On Thursday, Denmark’s ministry of food and agriculture said it had lost track of some 4,700 tonnes of mink – or around 1.5 million dead animals. Minister Rasmus Prehn admitted that he could not tell where or how these mink had been disposed of.
“It may seem wildly questionable when you hear it, but we cannot account for every mink,” the minister stated.
In a separate and even more alarming development, the Danish government admitted the mink mass graves may have already contaminated the country’s groundwater.
Denmark’s Environmental Protection Agency said it has been conducting drilling and taking water samples at two locations where the killed-off animals had been buried. The lead geologist with the Danish Environmental Protection Agency, Geus Claus Kjoller, told the local Radio 4 station that the top layer of the waters may have already been tainted by decomposing mink fluids.
“It is the groundwater just below the graves that is in imminent danger of becoming contaminated,” department head in the EPA, Per Schriver, told Reuters.

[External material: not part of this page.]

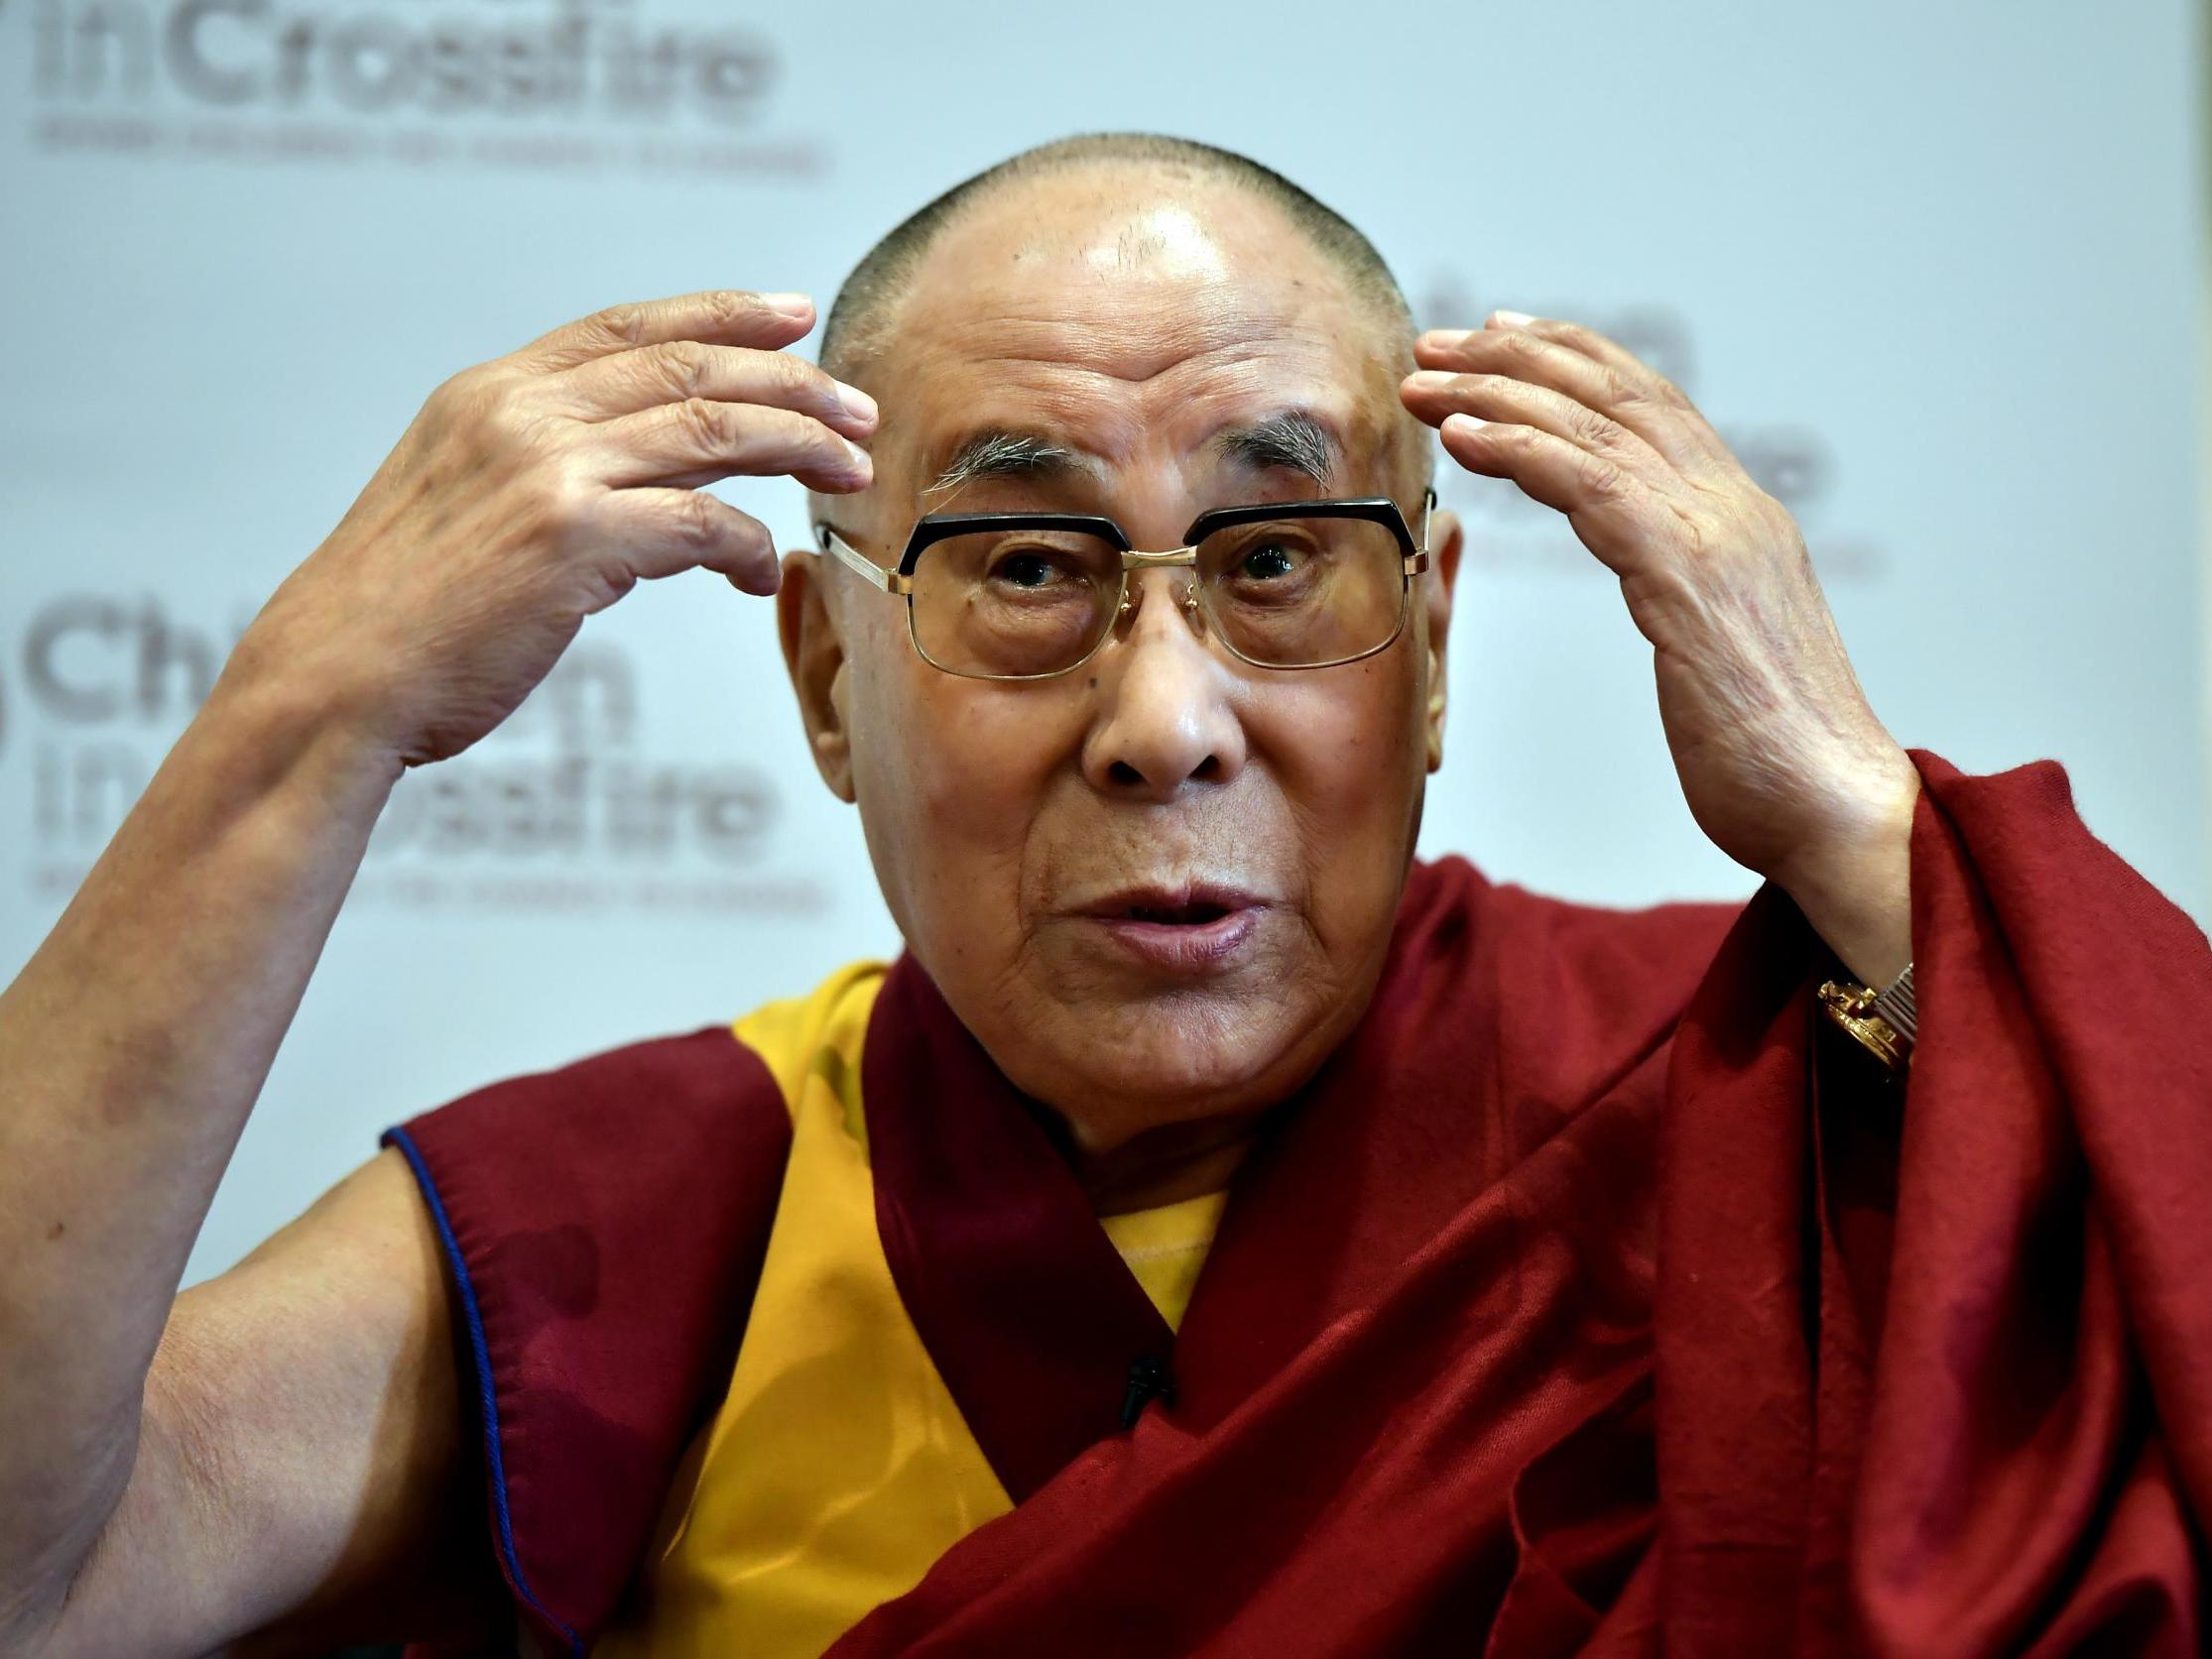 The pocket dalai lama

Late in November, dead mink ‘rose’ from their graves at the Holstebro military training ground in the country’s northwest. The horrifying phenomenon has been blamed on gases protruding from carcasses of the dead animals. Now the authorities are thinking about digging up the mink from the affected pits and re-burying them deeper to avoid further incidents of such sort.
Back when the unprecedented step was taken, the government insisted the cull and mass graves would not pose any health risks or threaten the environment.